START Data shown

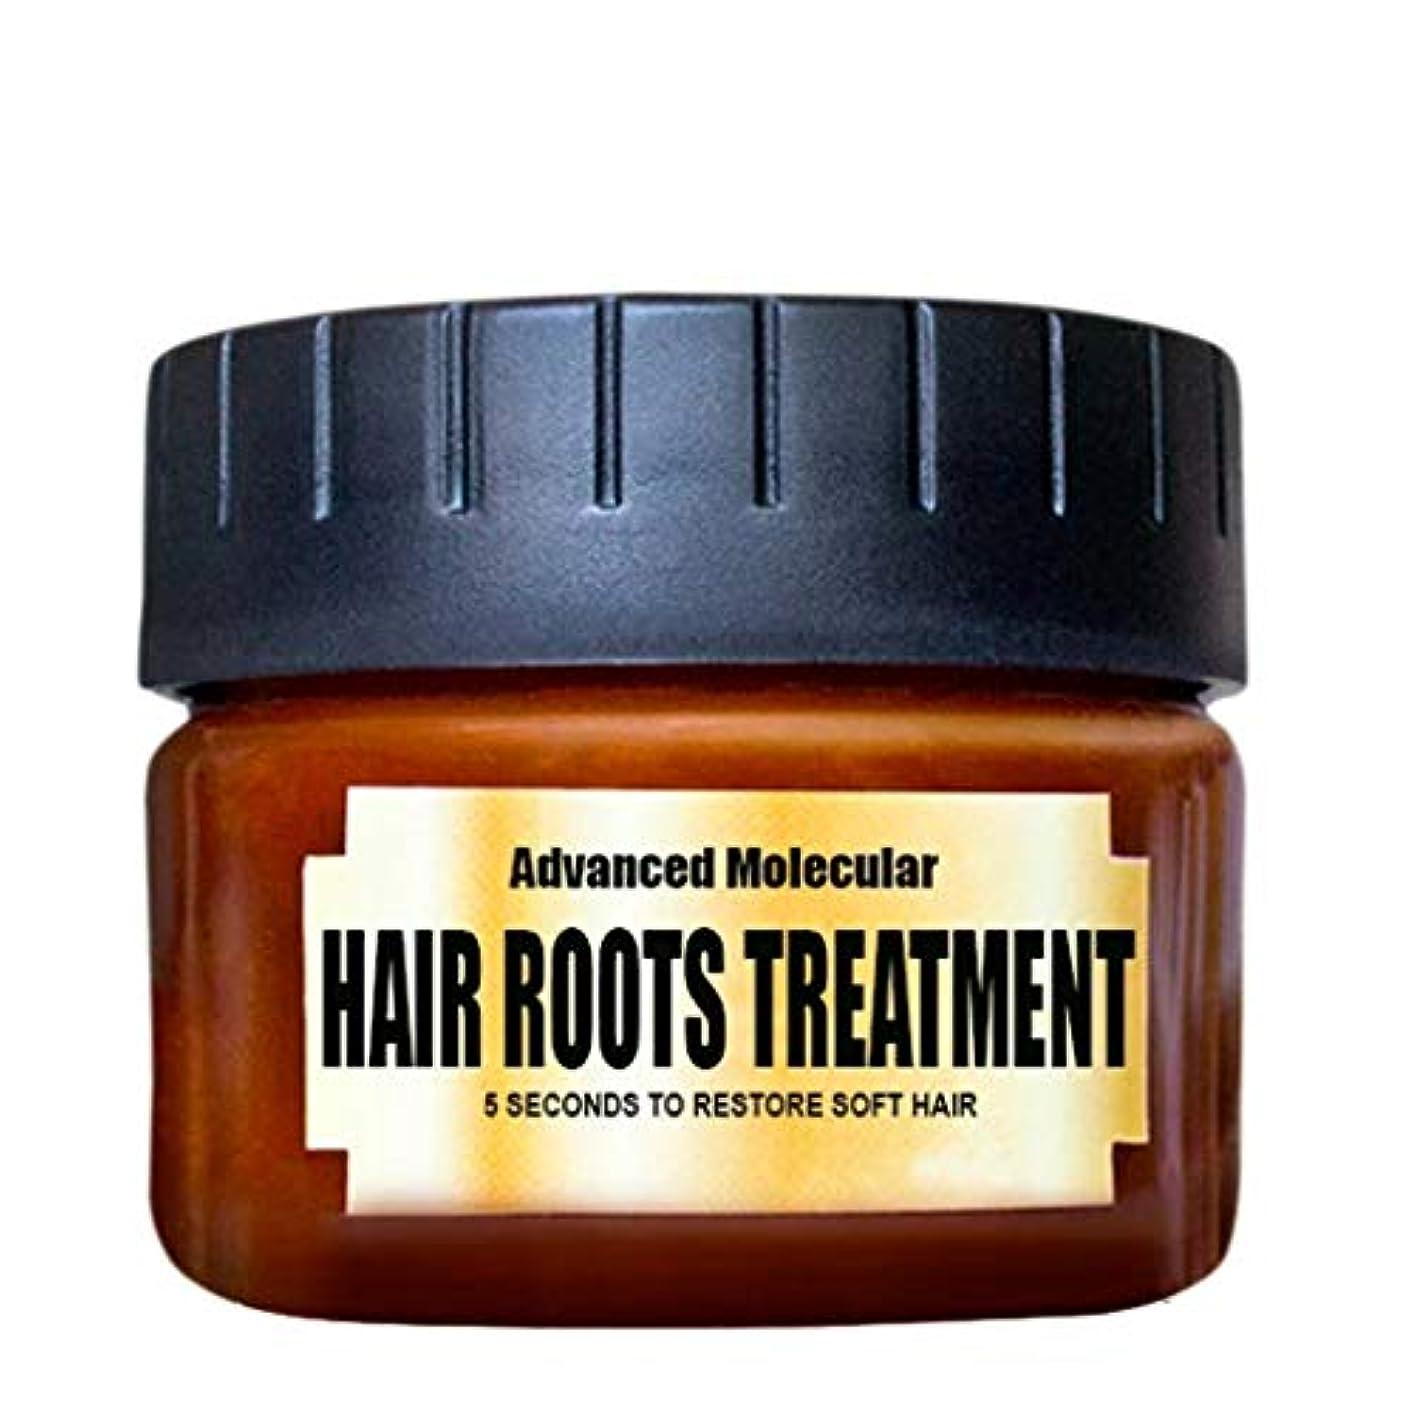 いたずら平行アラスカDOUJI 天然植物成分 ヘアケア リッチリペア コンディショナー60ml コンディショナー 髪の解毒ヘアマスク高度な分子毛根治療回復エクストラダメージケア トリートメント
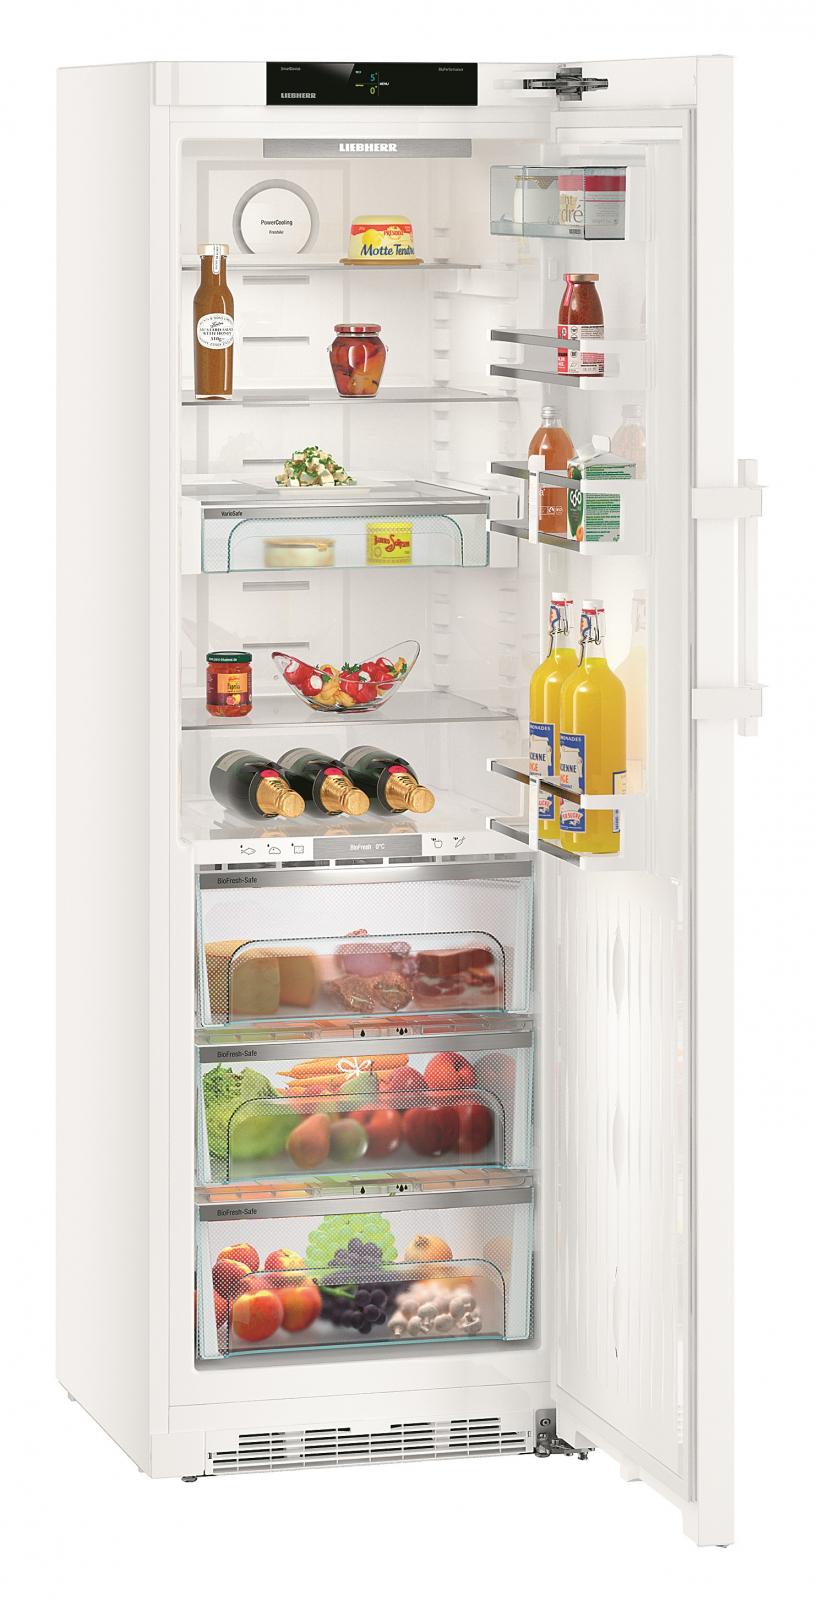 купить Однокамерный холодильник Liebherr KB 4350 Украина фото 0
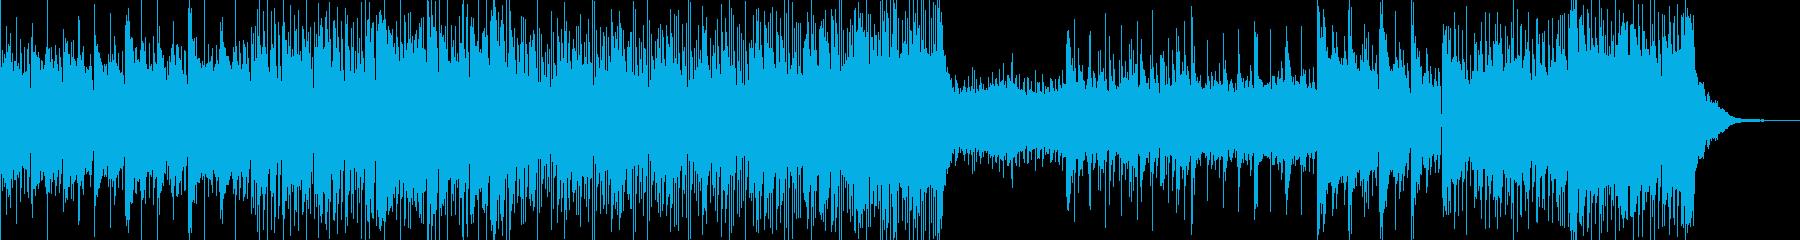 静かでゆらゆらするシンセとピアノの再生済みの波形
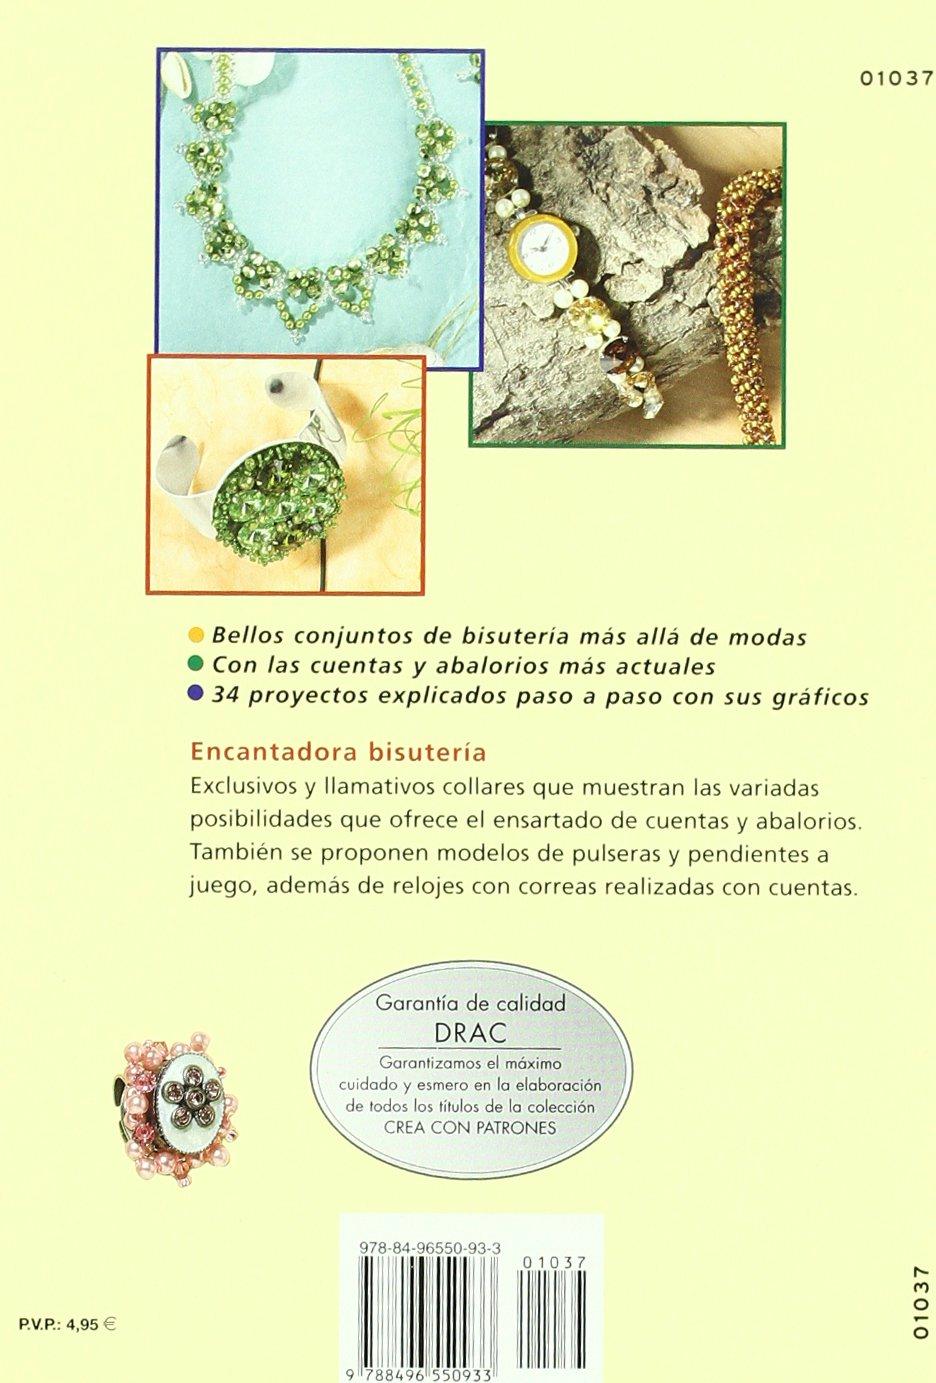 Fascinante Bisuteria Con Cuentas Y Abalorios: Unknown: 9788496550933: Amazon.com: Books

END Data shown

> _What is expected_: Restate word for word, please, the line containing "купить Однокамерный холодильник" and all lines after it through the end of the material; the pictures do not belong in the copy.

> _Answer for the task_:
 купить Однокамерный холодильник Liebherr KB 4350 Украина фото 0
 静かでゆらゆらするシンセとピアノの再生済みの波形
 Fascinante Bisuteria Con Cuentas Y Abalorios: Unknown: 9788496550933: Amazon.com: Books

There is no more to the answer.